(Extracted records):

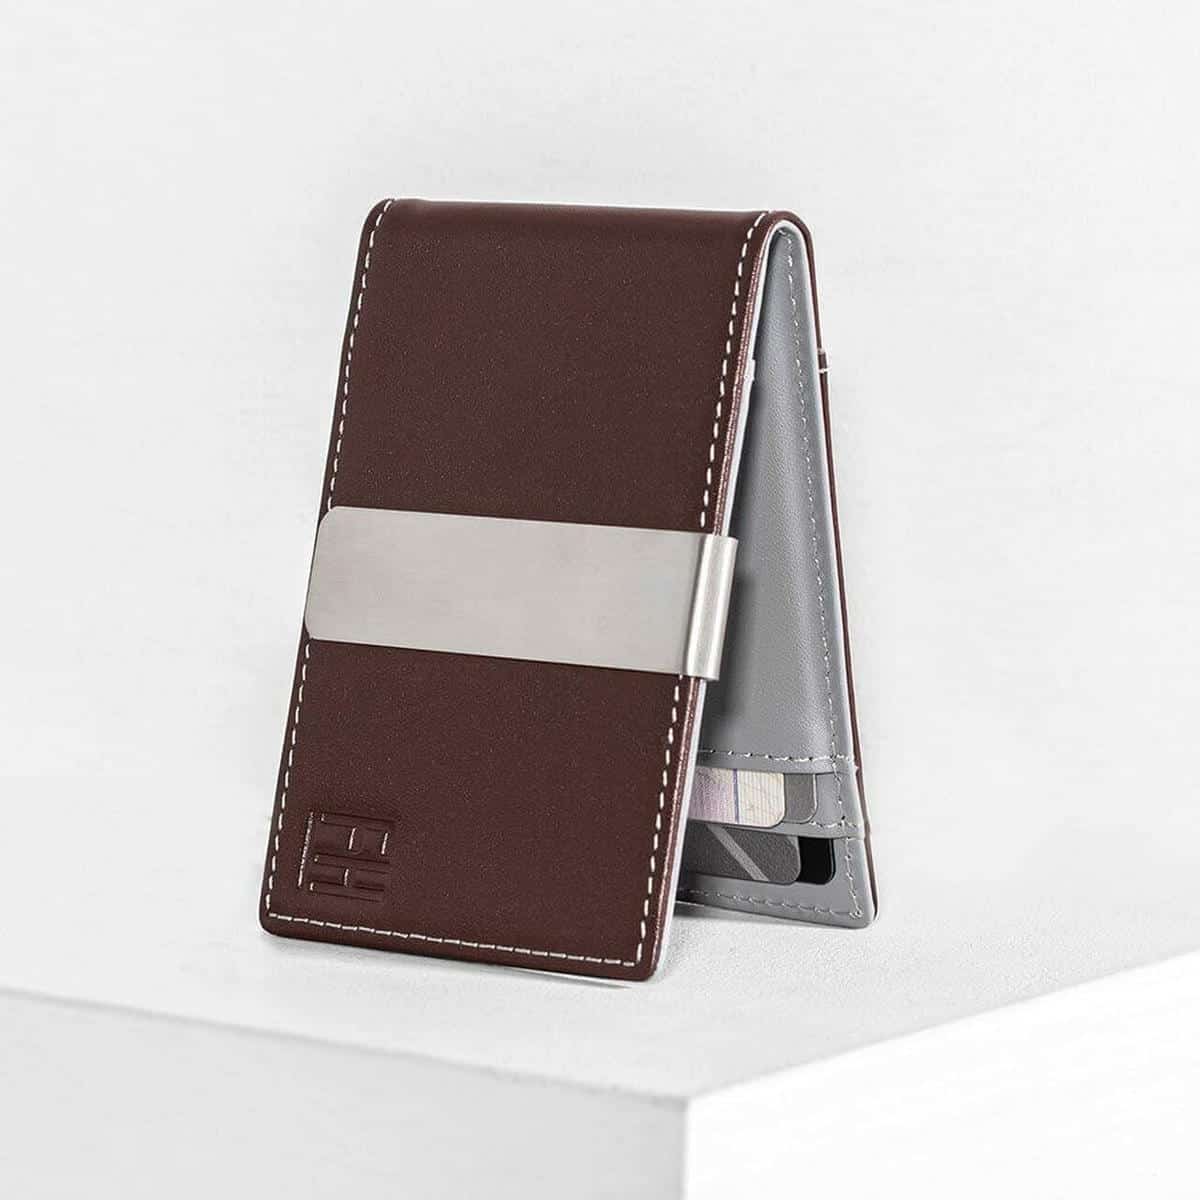 Tapp Collections™ Silver Stainless Steel Slim Money Clip 
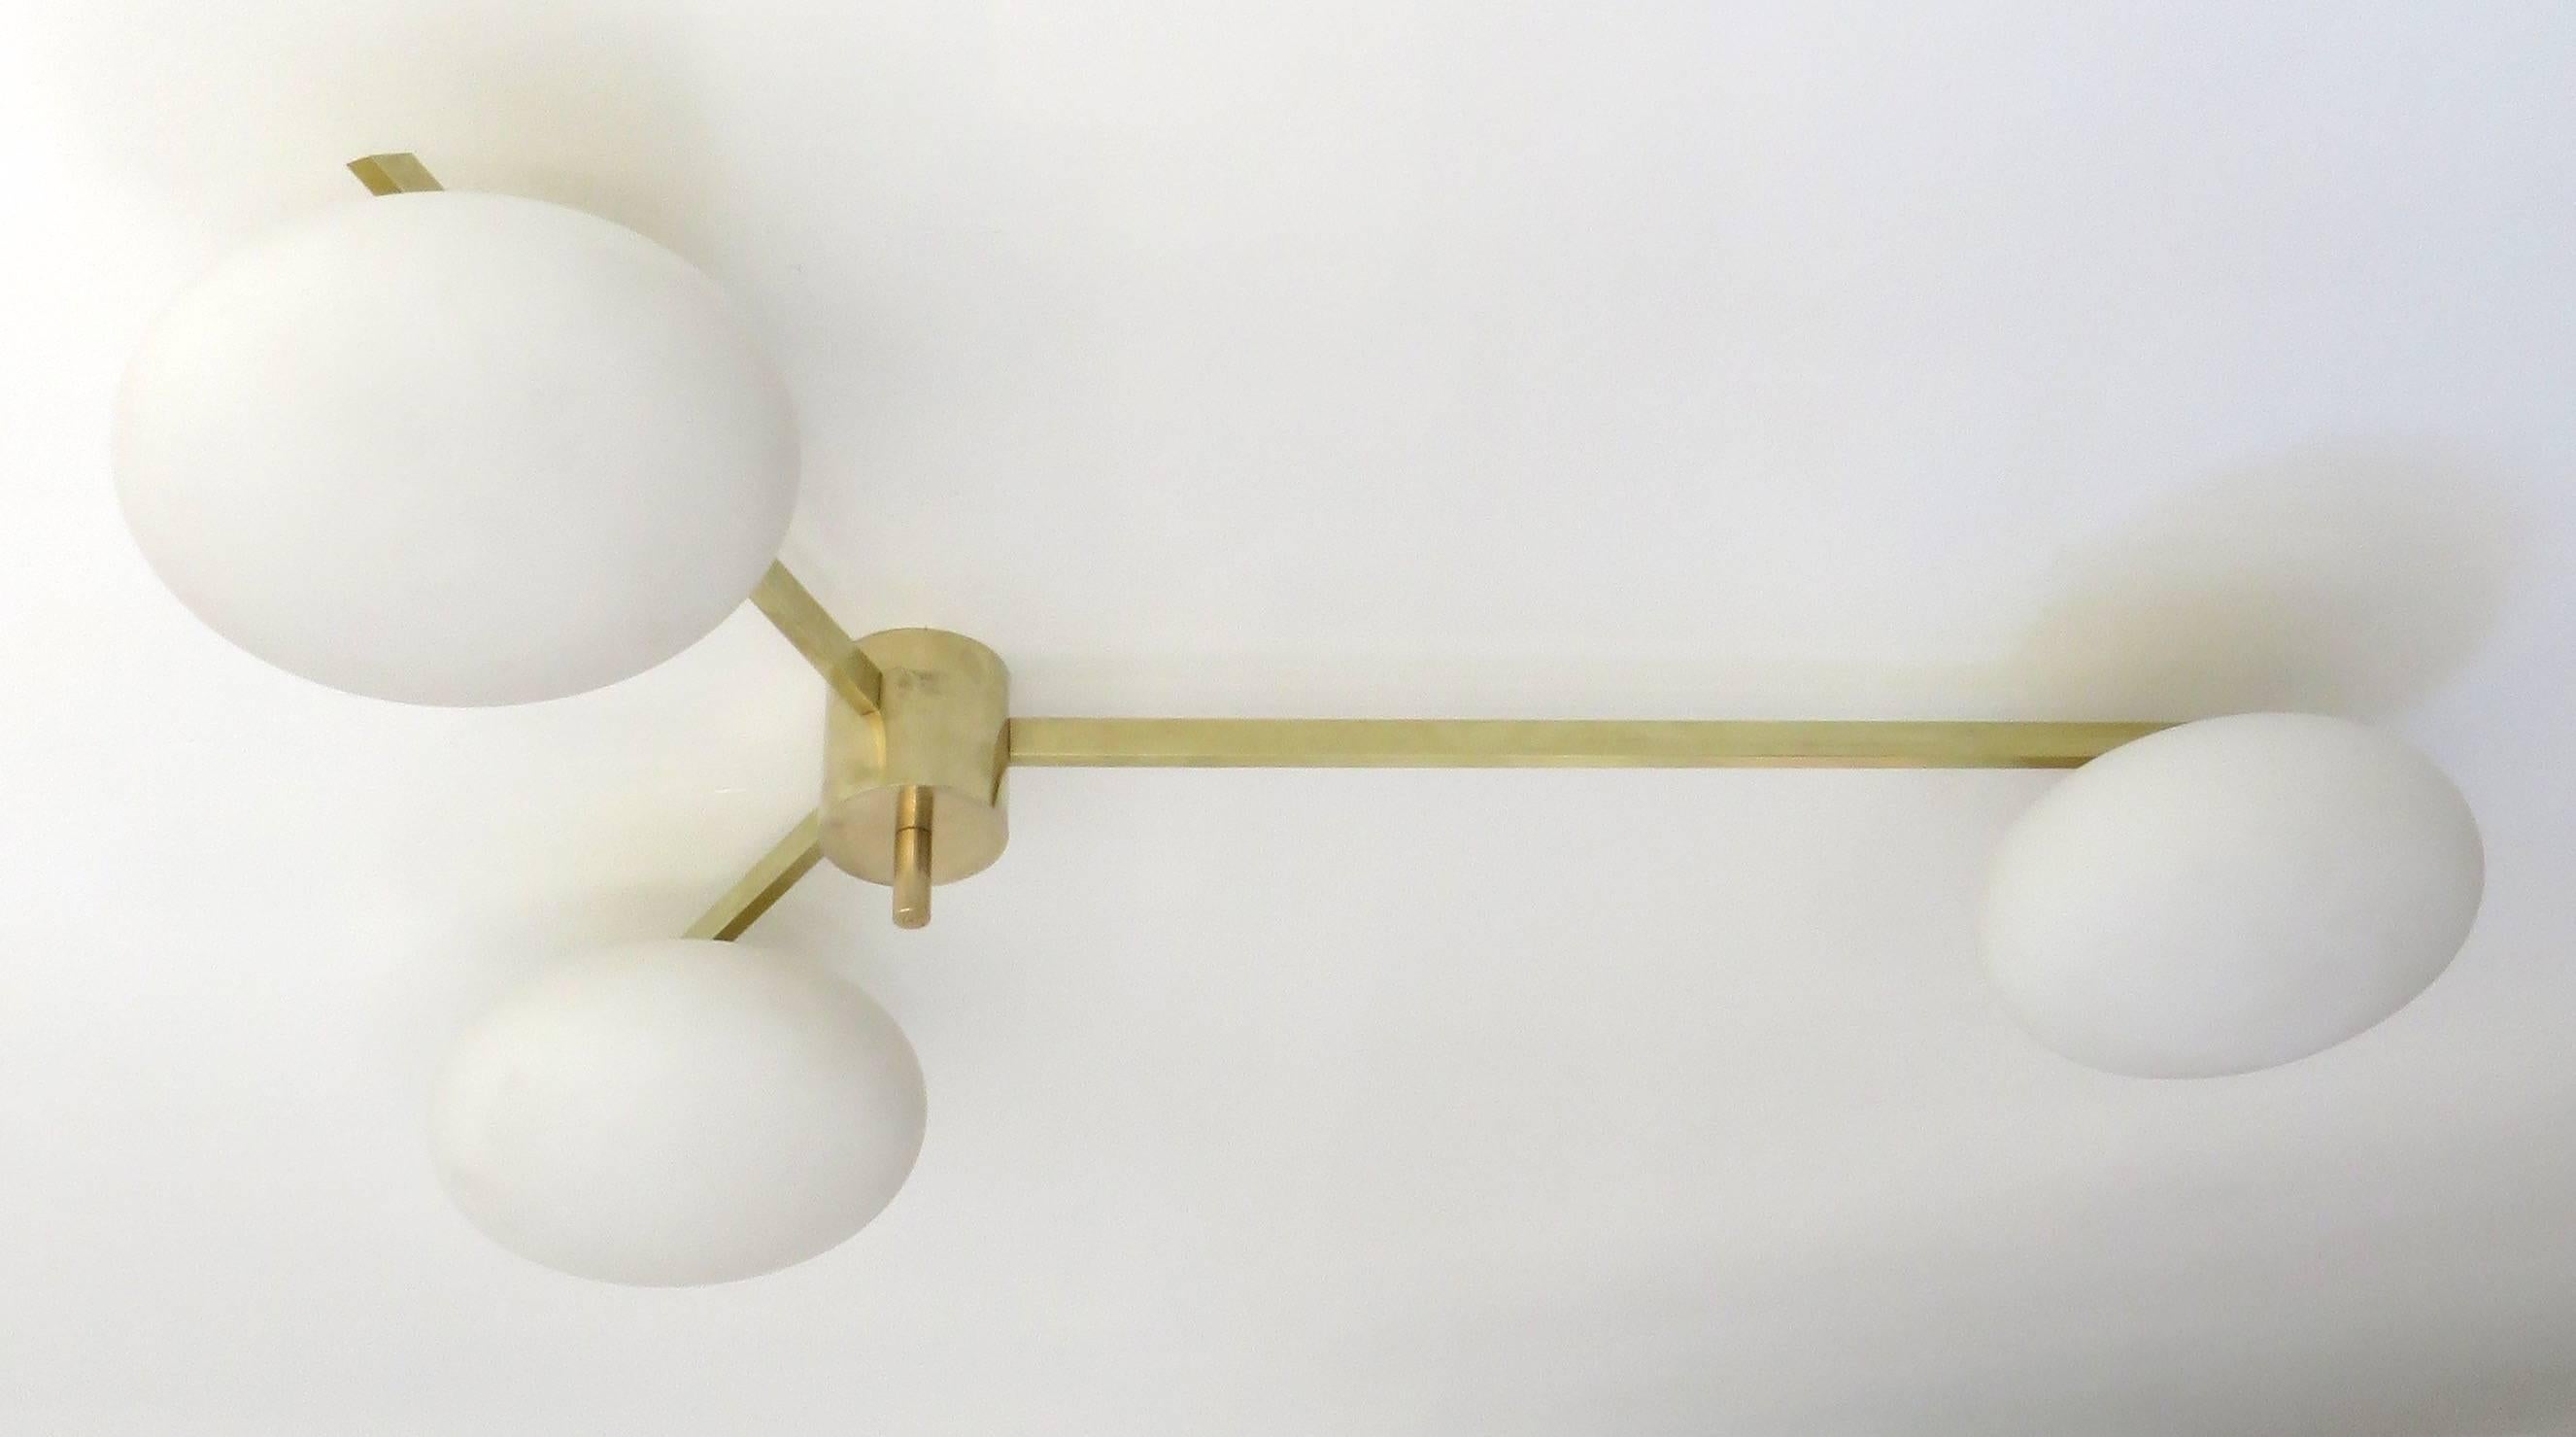 Angelo Lelli Italian three-arm brass and opaque opaline glass ceiling or wall light for Arredoluce, Italy, circa 1950-1960.
Original patina. Signed with makers mark to finial.
Bronze with opaque opaline glass shades. 
Shown in detail shot with

(Assignment):
The answer must consist of every line from the entries above that contains the string "with".

(Result below):
Original patina. Signed with makers mark to finial.
Bronze with opaque opaline glass shades. 
Shown in detail shot with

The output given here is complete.